Errrm lol, I'm the same bro. I will try and get some vid's from the last show, somebody has to have the vid of me picking Bulldog up ha ha, he has to weigh around 23 stone at the least


----------



## Guest (Nov 26, 2008)

> Unofficial Open Division Powerlifting Results
> 
> Men
> 
> ...


Brilliant stuff Chris well done !! a champ and record breaker !!!



> lol, my girlfriends gettin a bit worried seeing Mr Jenkins walking about my laptop screen all the time


i think someone should get some Chris Jenkins t shirts made !!!!


----------



## sofresh (Sep 9, 2008)

YOUR FRIEKEN HUGE!


----------



## supercell (Aug 23, 2005)

Massive well done mate, you must be buzzing. At the end of the day you may not have lifted what you wanted to but your total was beyond that of anyone else in your category, thats what really matters....THE WIN!!!

And people say that BBing is extreme! Thats some serious bodyweight to lose and then gain in a week (says he that has just gained 13 kg in 2.5 weeks!!!LOL)

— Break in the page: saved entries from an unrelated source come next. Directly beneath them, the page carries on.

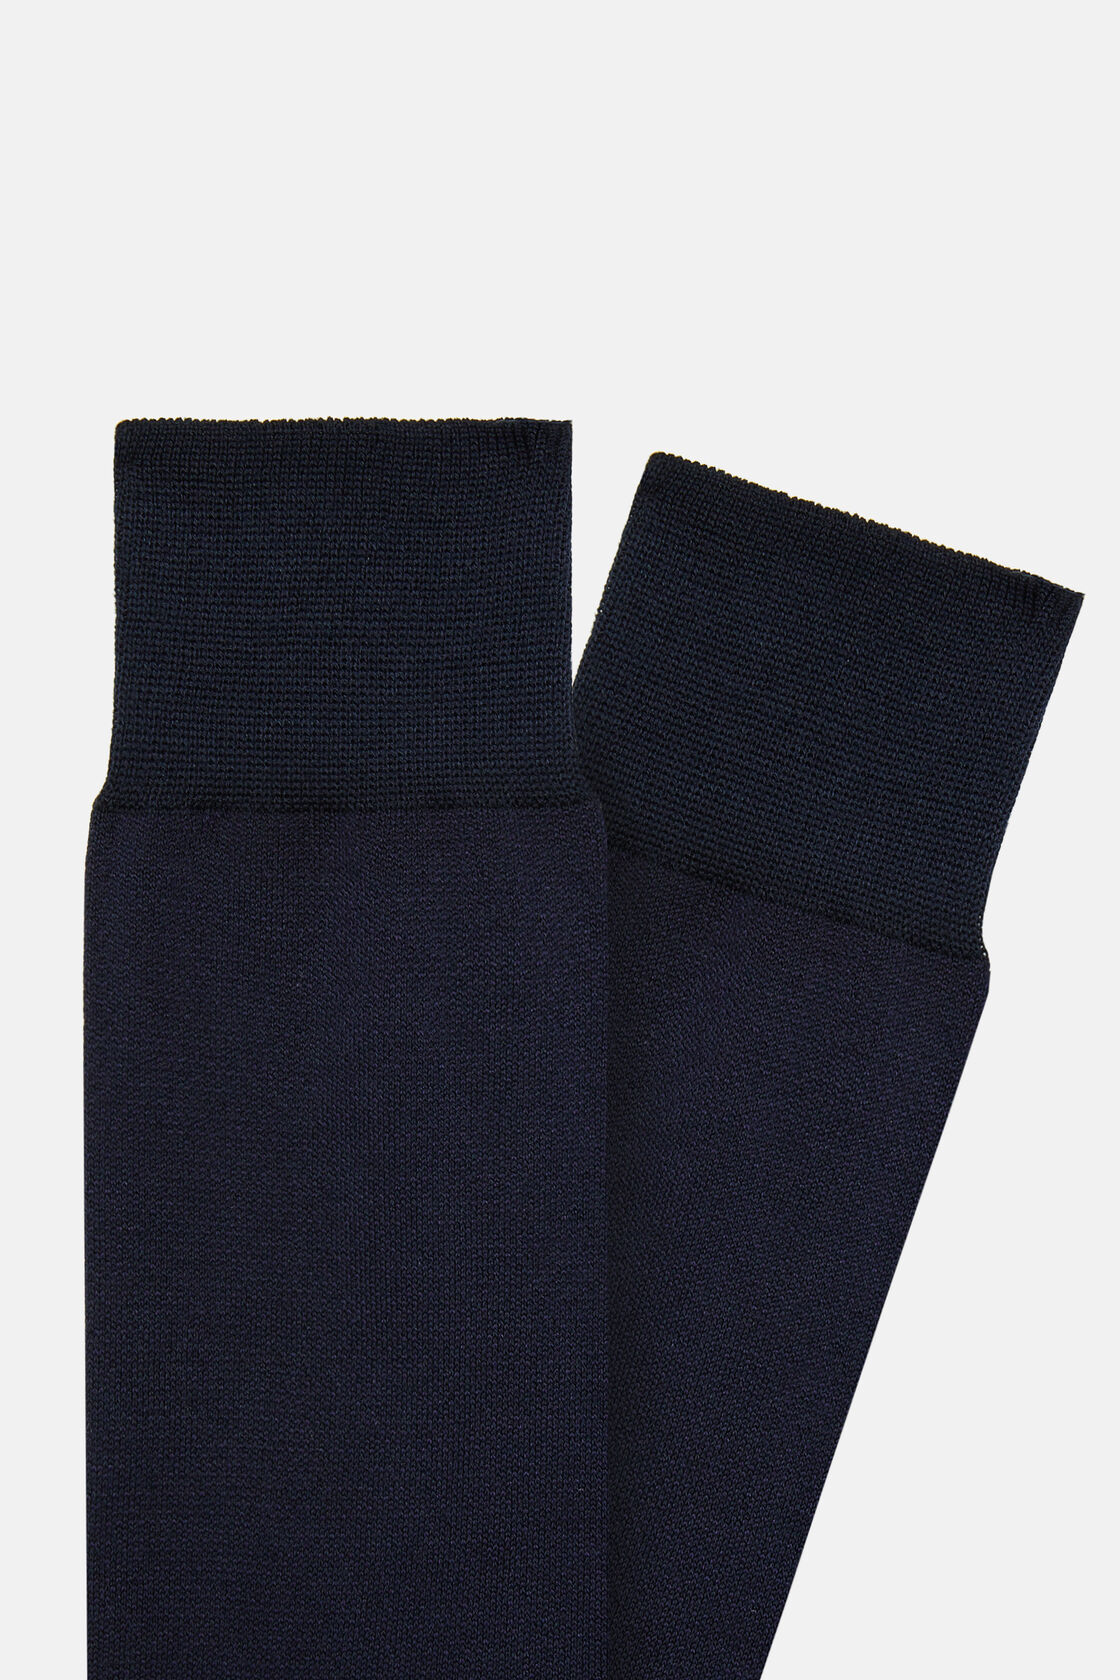 Calcetines Oxford de algodón, Azul  Marino, hi-res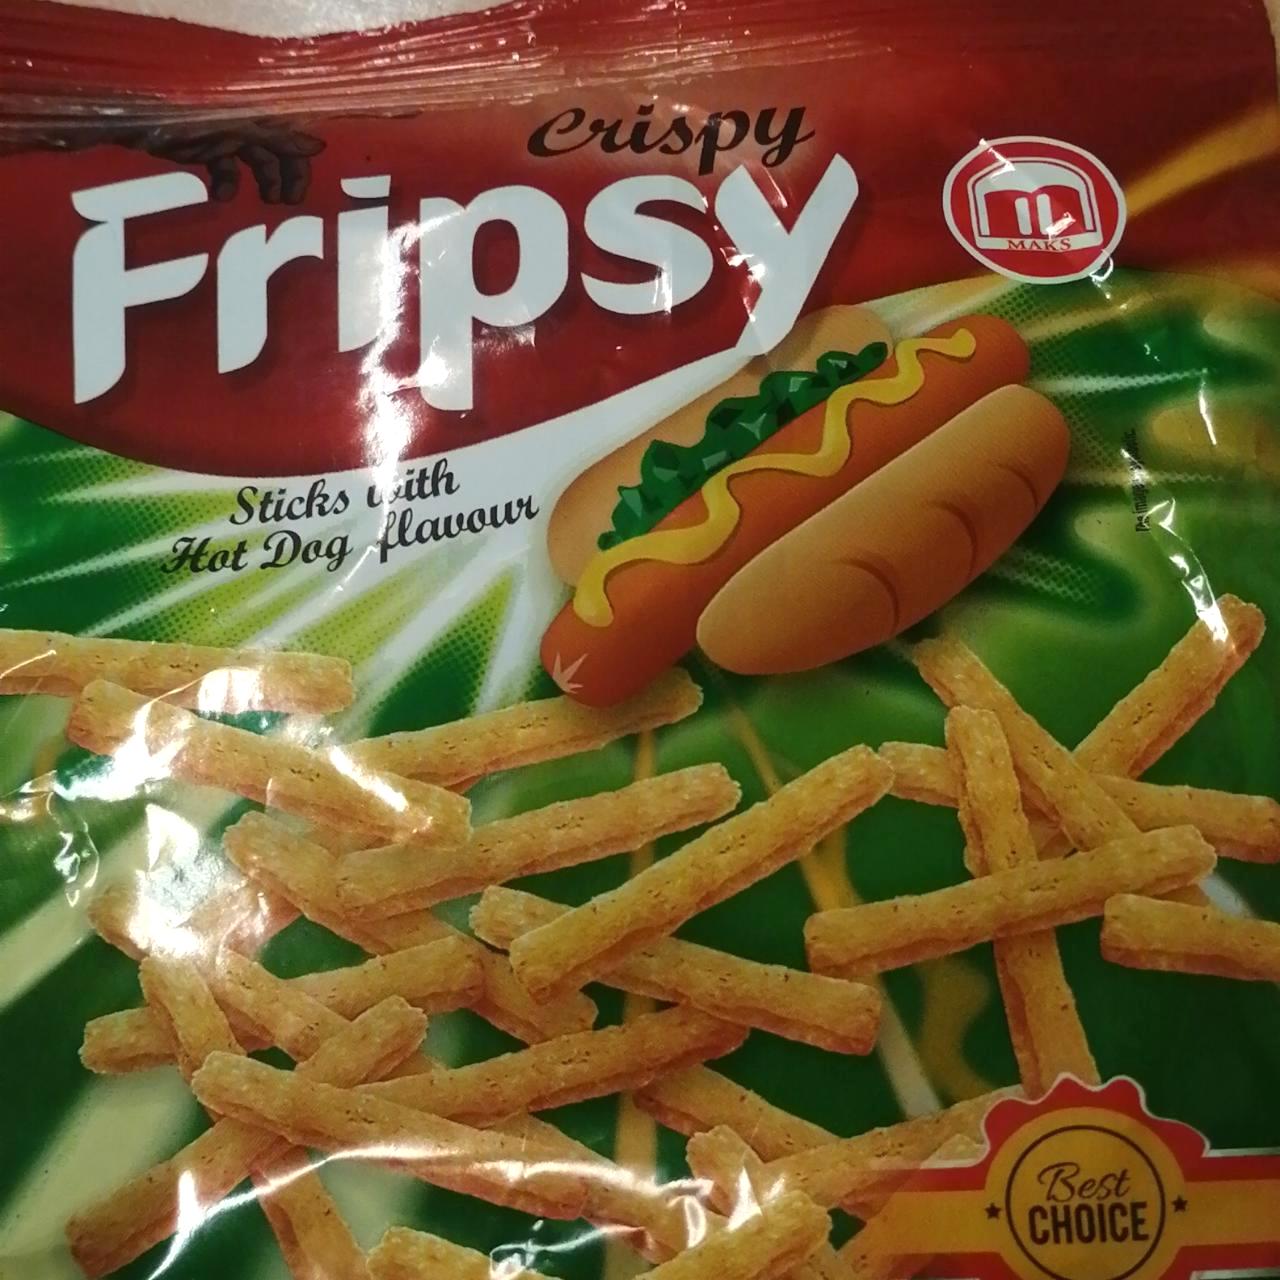 Képek - Frispy cripsy sticks with hot dog flavor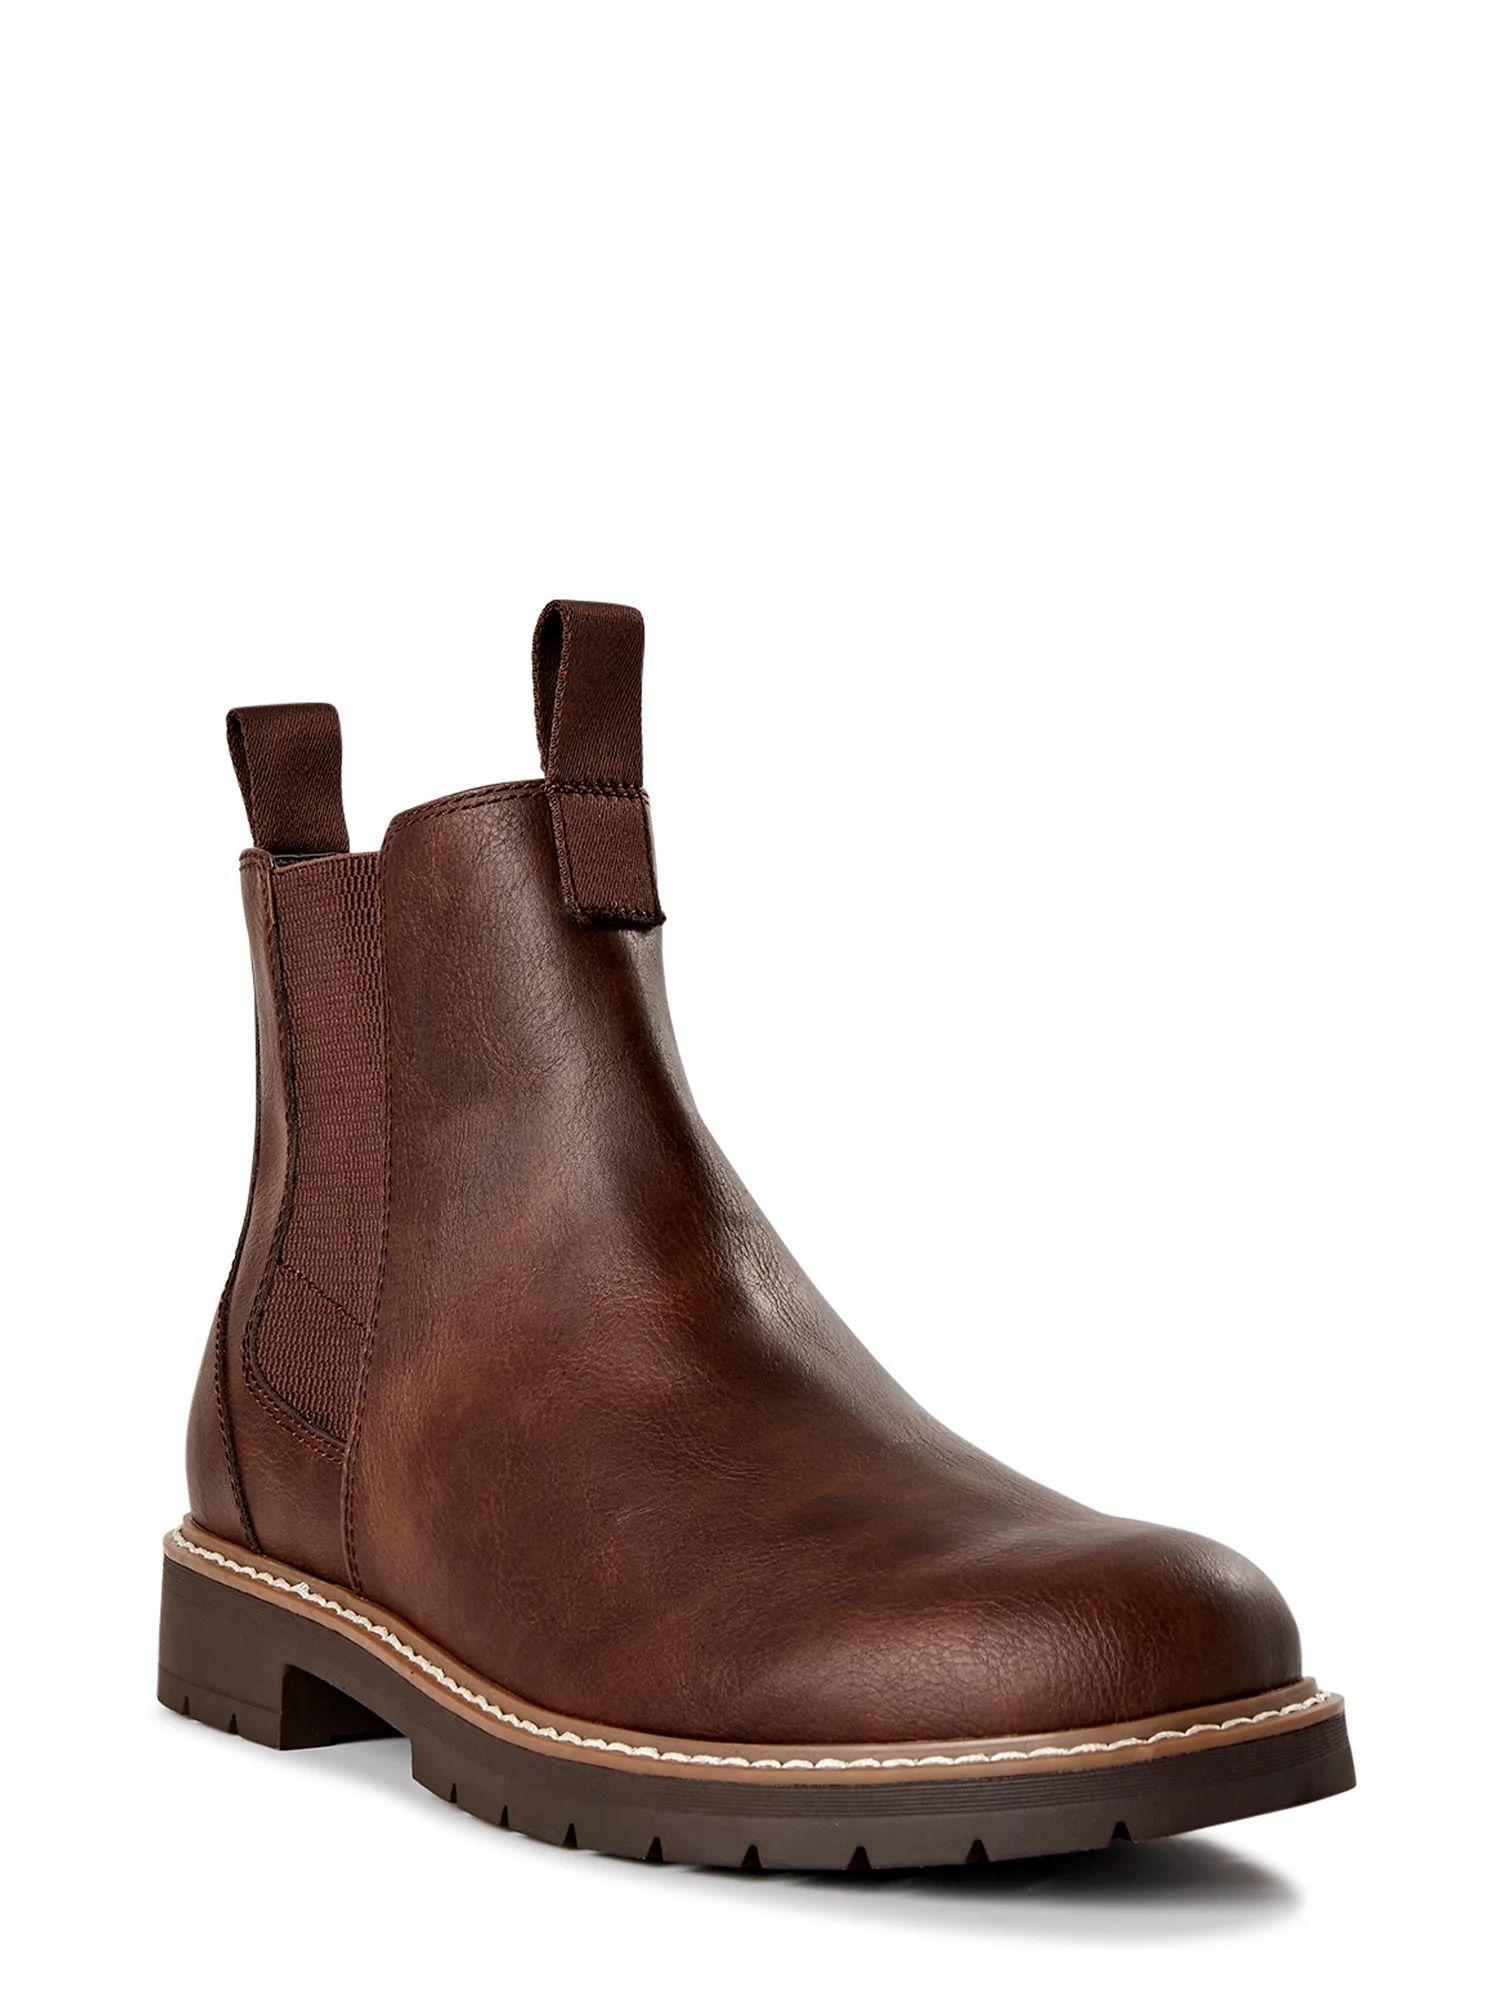 PORTLAND by Portland Boot Company Men's Casual Chelsea Boots | Walmart (US)

Well done again Chris, I have huge respect and admiration for you. Day in day out, week in week out, year in year out....Total focus and dedication...The sign of a true champion!!!

J


----------



## chris jenkins (Aug 14, 2004)

Thats really nice of you lot, I dont think I have been to that big of a show before. It really did have the best of the best. There was one kid called Shawn Frankl, you have to look him up he is an absolute beast. There some great lads on this site and like James said it is a bit Extreme when you break it down and think about the weight loss. I'm going back up a weight class now and want to bench 600 pound.


----------



## supercell (Aug 23, 2005)

chris jenkins said:


> Thats really nice of you lot, I dont think I have been to that big of a show before. It really did have the best of the best. There was one kid called Shawn Frankl, you have to look him up he is an absolute beast. There some great lads on this site and like James said it is a bit Extreme when you break it down and think about the weight loss. I'm going back up a weight class now and *want to bench 600 pound*.


NICE!!! :thumb:

J


----------



## T_Woody (Jul 16, 2008)

Good job man, made it look easy tbh! Keep up the good work!


----------